Material provided:
---

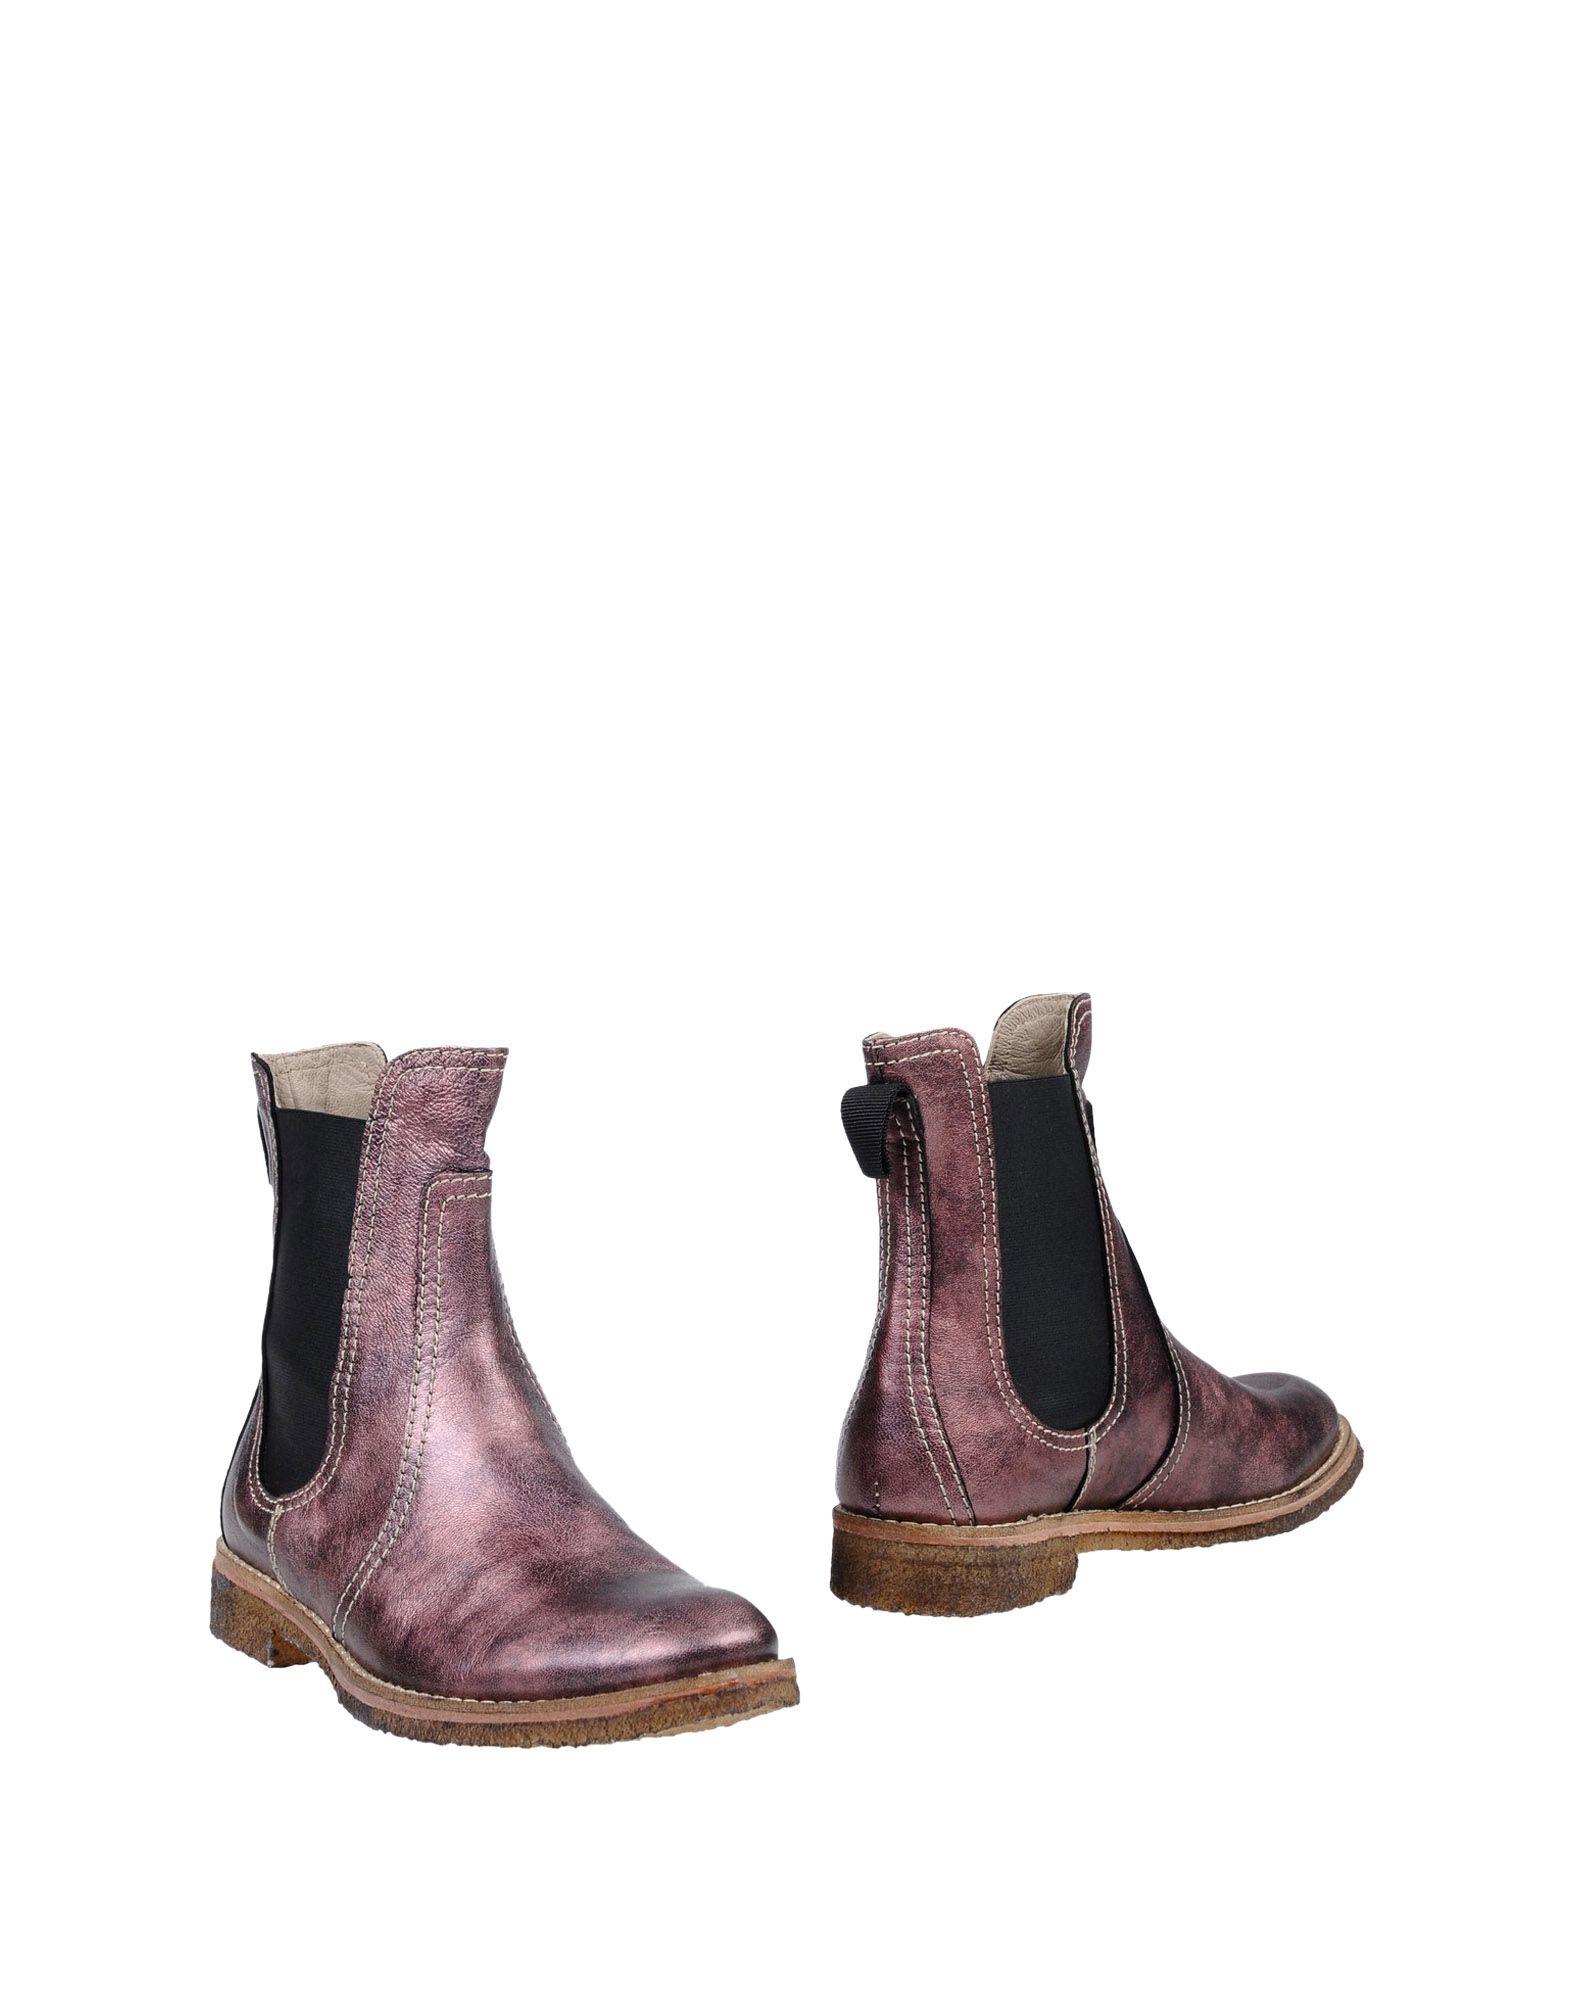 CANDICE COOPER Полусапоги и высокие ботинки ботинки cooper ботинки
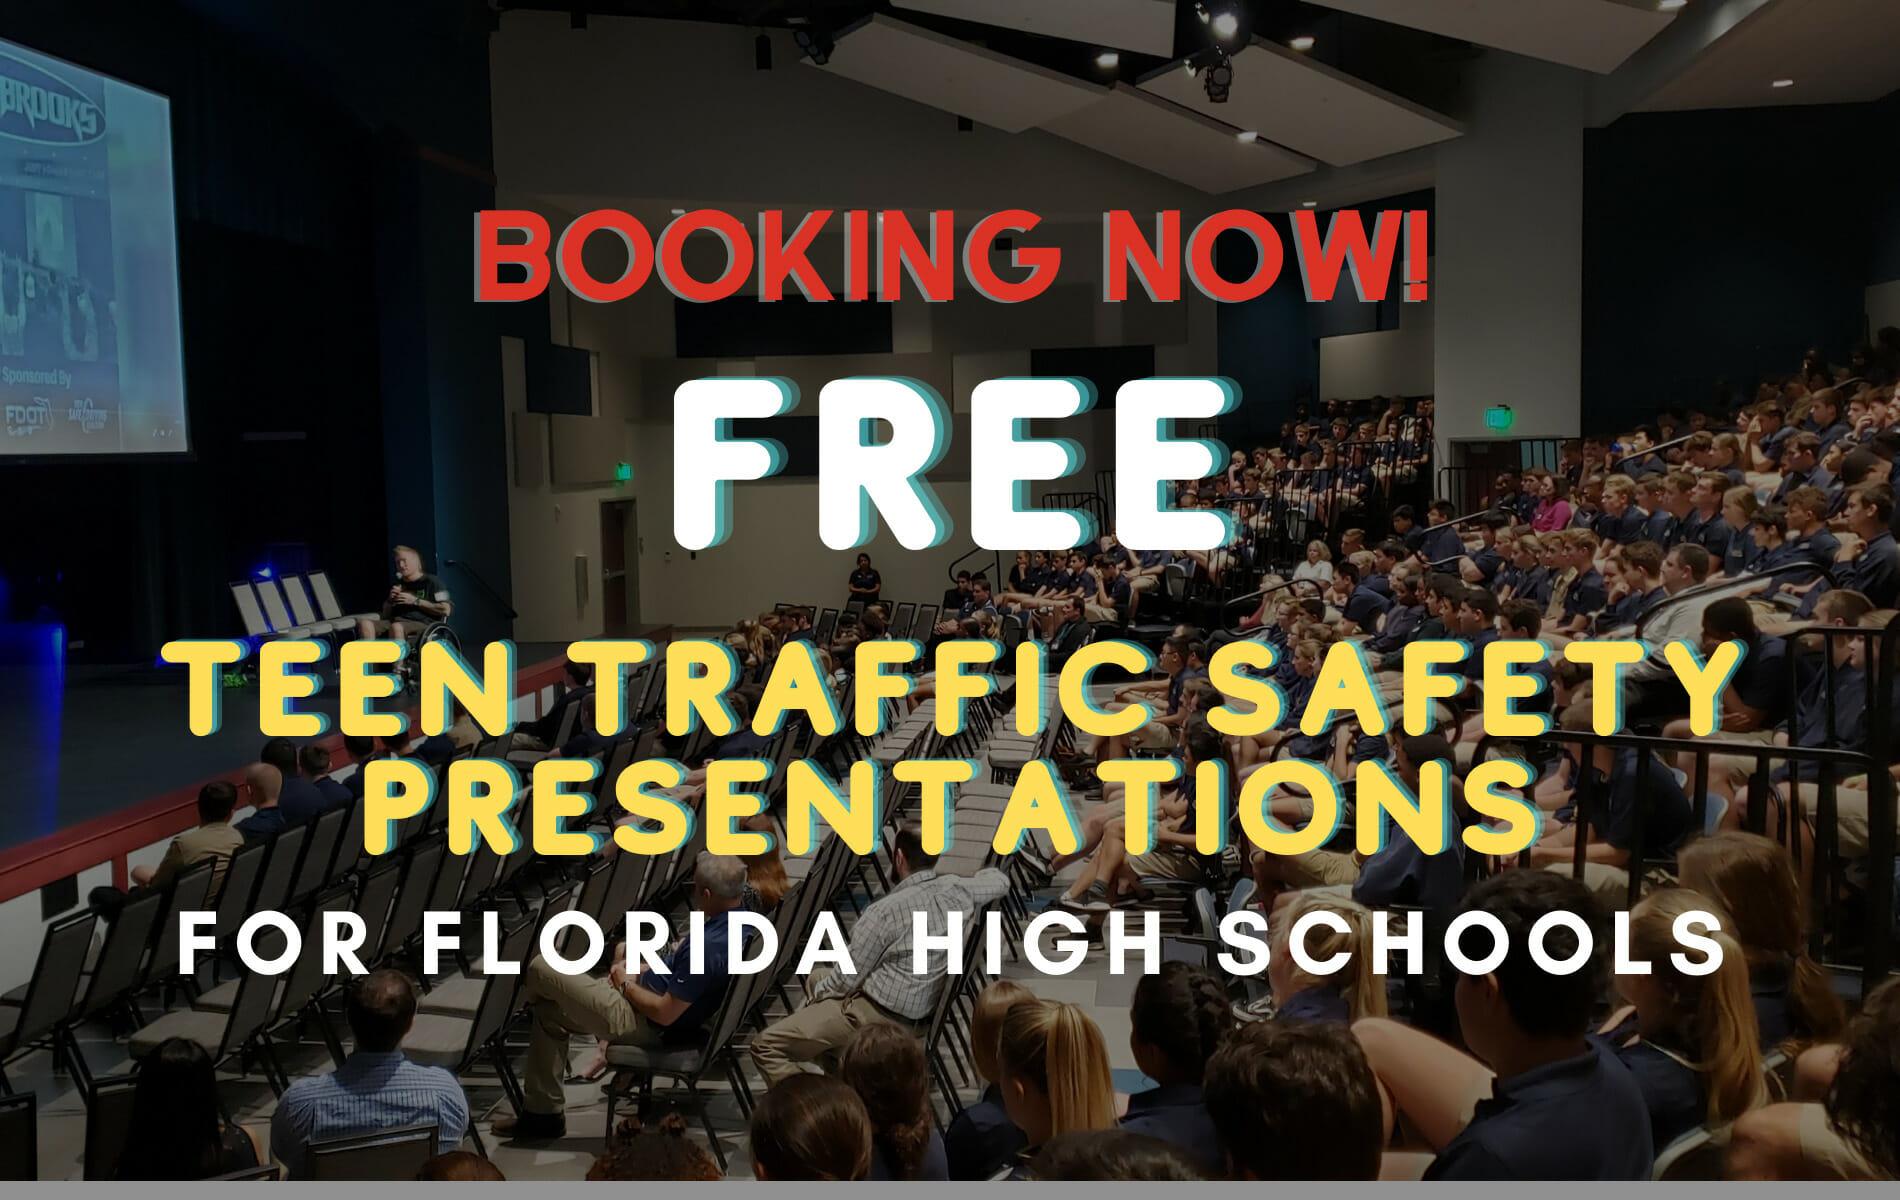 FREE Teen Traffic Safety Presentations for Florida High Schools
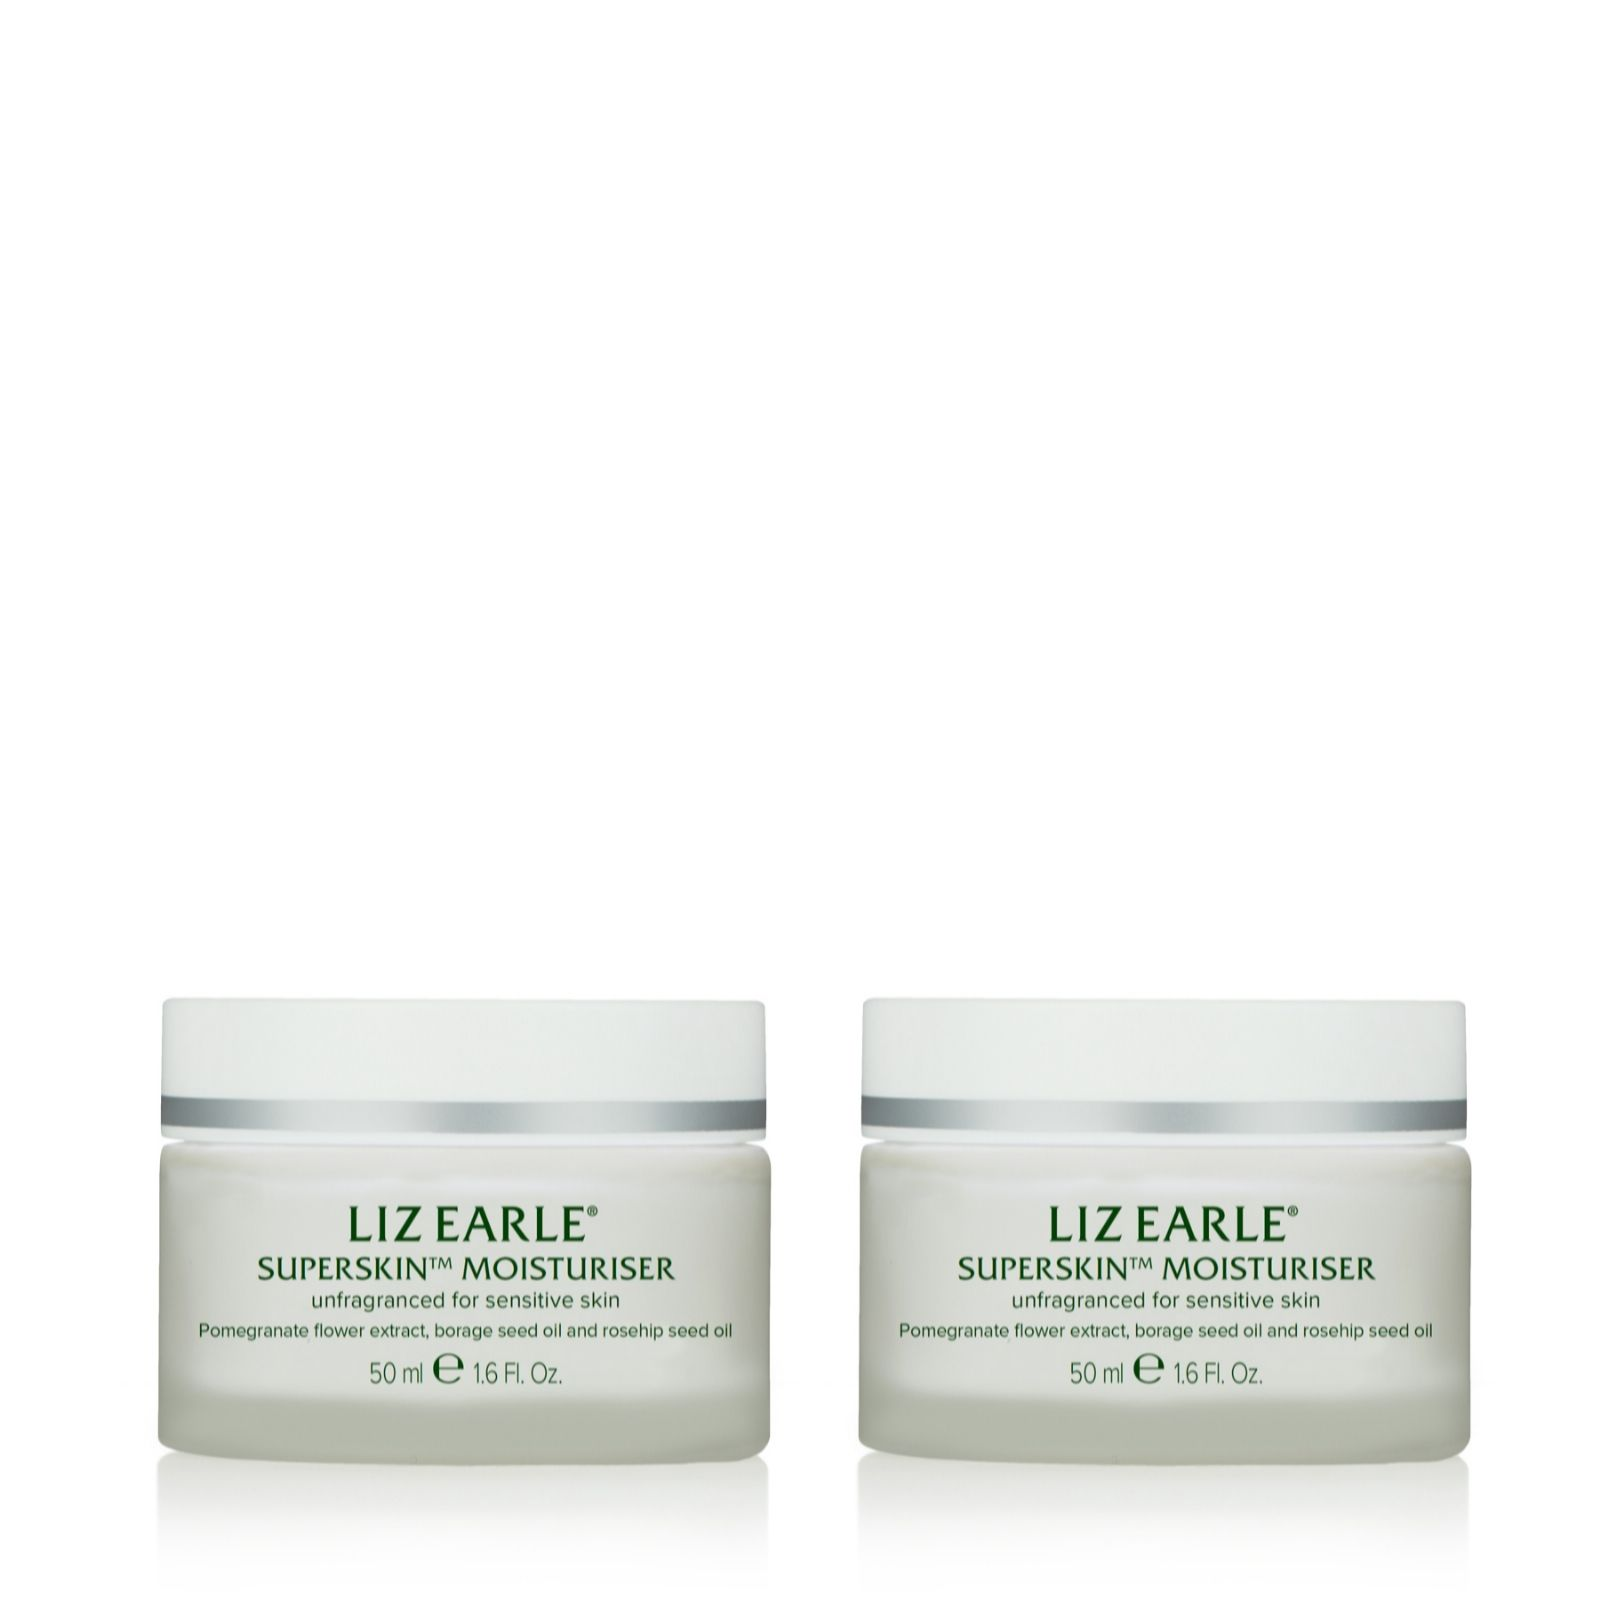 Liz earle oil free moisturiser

---

Problem to work on:
Exactly the lines from the one that contains "FREE Teen Traffic" to the last line of the data, both included, should be set down, and no pictures should appear among them.

Answer section:
 FREE Teen Traffic Safety Presentations for Florida High Schools
 Liz earle oil free moisturiser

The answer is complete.